The lender is also tightening its residential affordability assessment
NatWest has pulled the plug on mortgages to self-employed borrowers who receive the SEISS grant, as the lender also changes affordability, criteria and rates across a number of ranges, including buy to let and interest-only.
Since 14 July anyone applying for the government help has had to confirm their business has been impacted by Covid-19.
As such, the bank is now declining income that has come from a business in receipt of the grant over the last four months.
The bank said: At this time our primary purpose remains to ensure that any mortgage we provide to customers is affordable.
NatWest is also tightening its residential affordability assessment.
In a message to advisers the lender said it was making a change to background affordability calculations “to ensure we continue to lend responsibly when assessing customers current and future mortgage eligibility”.
The lender stated: As a result of the affordability changes, there may be a reduction in the maximum lend compared to previous affordability assessments.

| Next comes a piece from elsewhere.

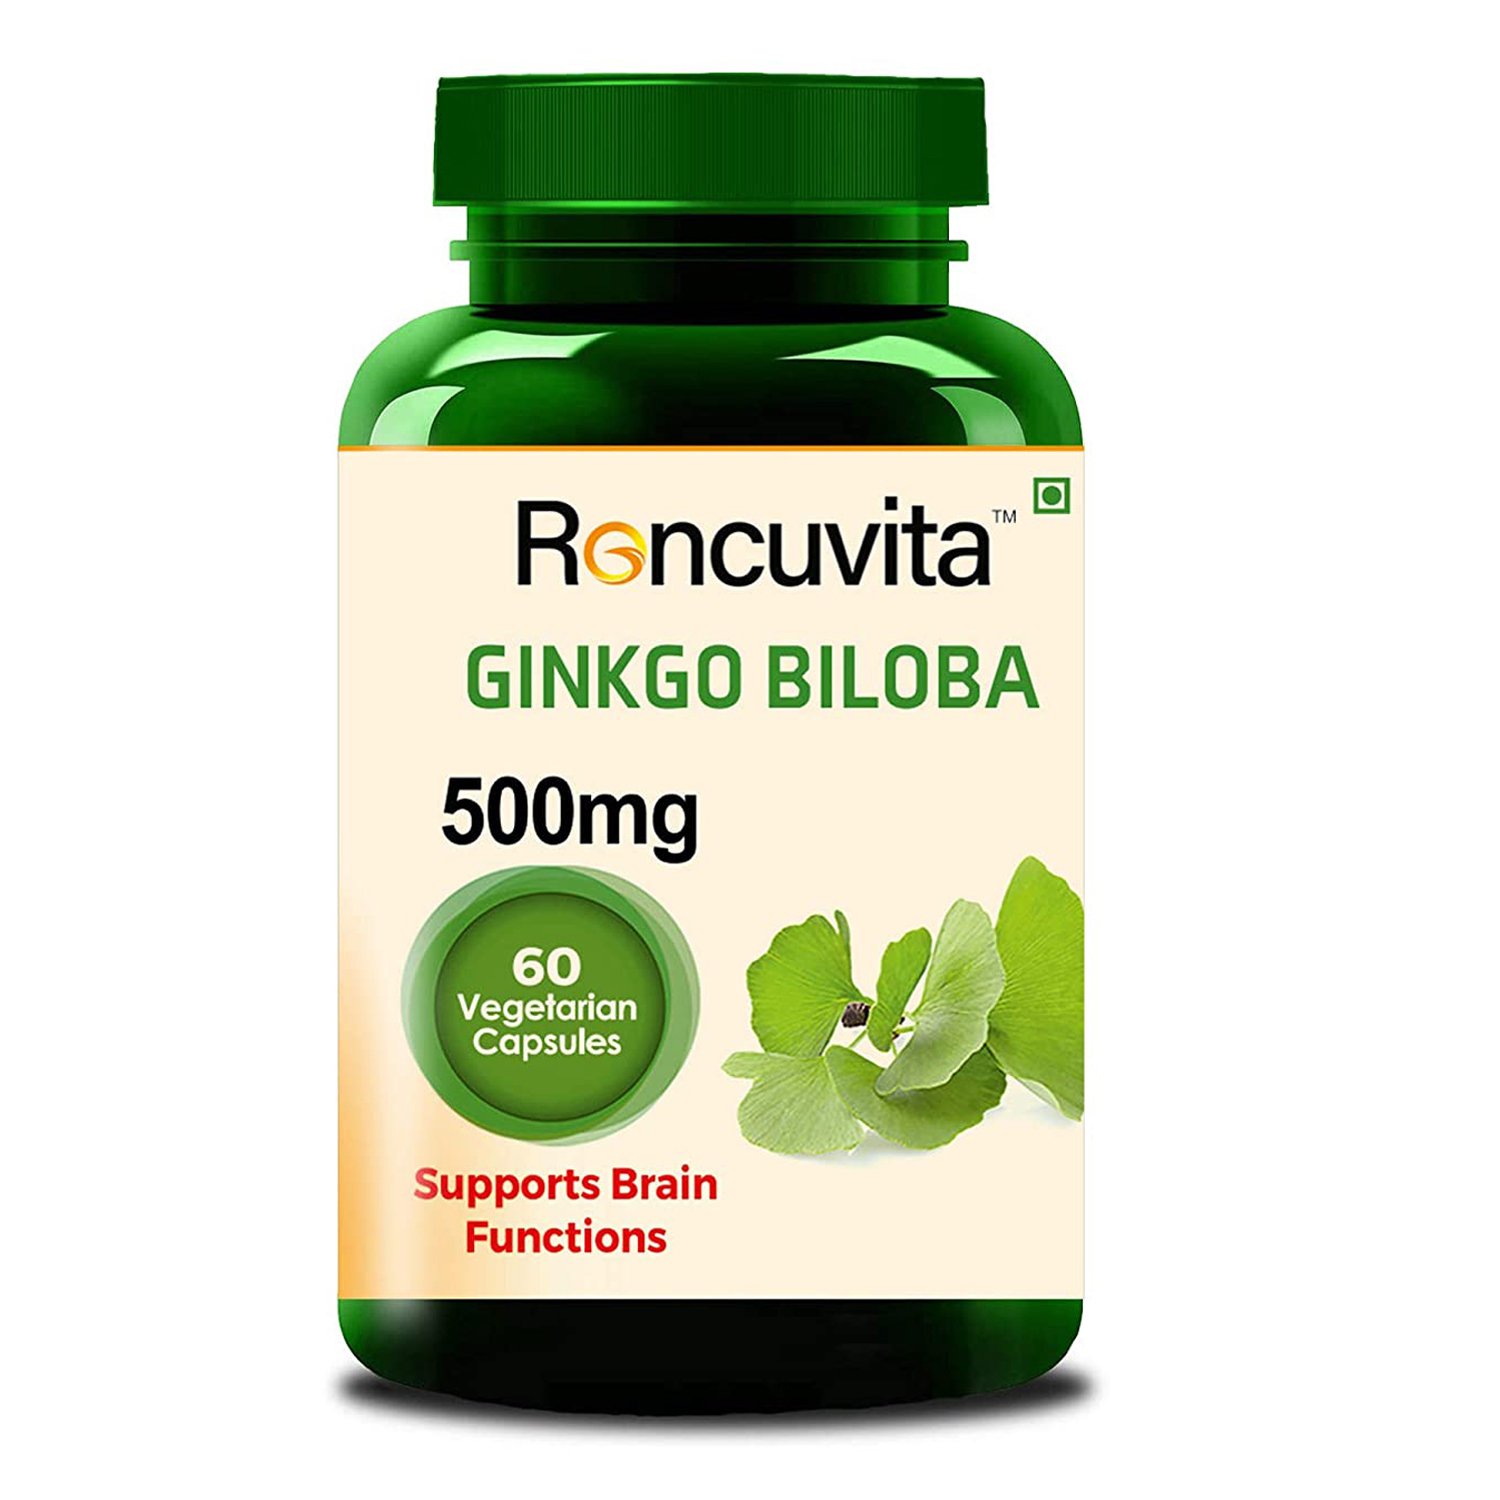 Buy 500mg Ginkgo Biloba Capsules as a energy booster [Roncuvita]Health and BeautyHealth Care ProductsAll IndiaAirport

The changes come after the lender last week toughened buy-to-let affordability calculations, while changing its interest-only mortgages.
The lender has changing acceptable income types for interest-only mortgages to directly match capital and interest criteria including accepting bonus income when assessing affordability.
At the same time a new minimum combined income of £100,000 per year for joint interest-only applications, while for sole applicants the minimum qualifying income will remain at £75,000 per year.
NatWest said that the aim is that the changes will help more customers secure an interest-only mortgage.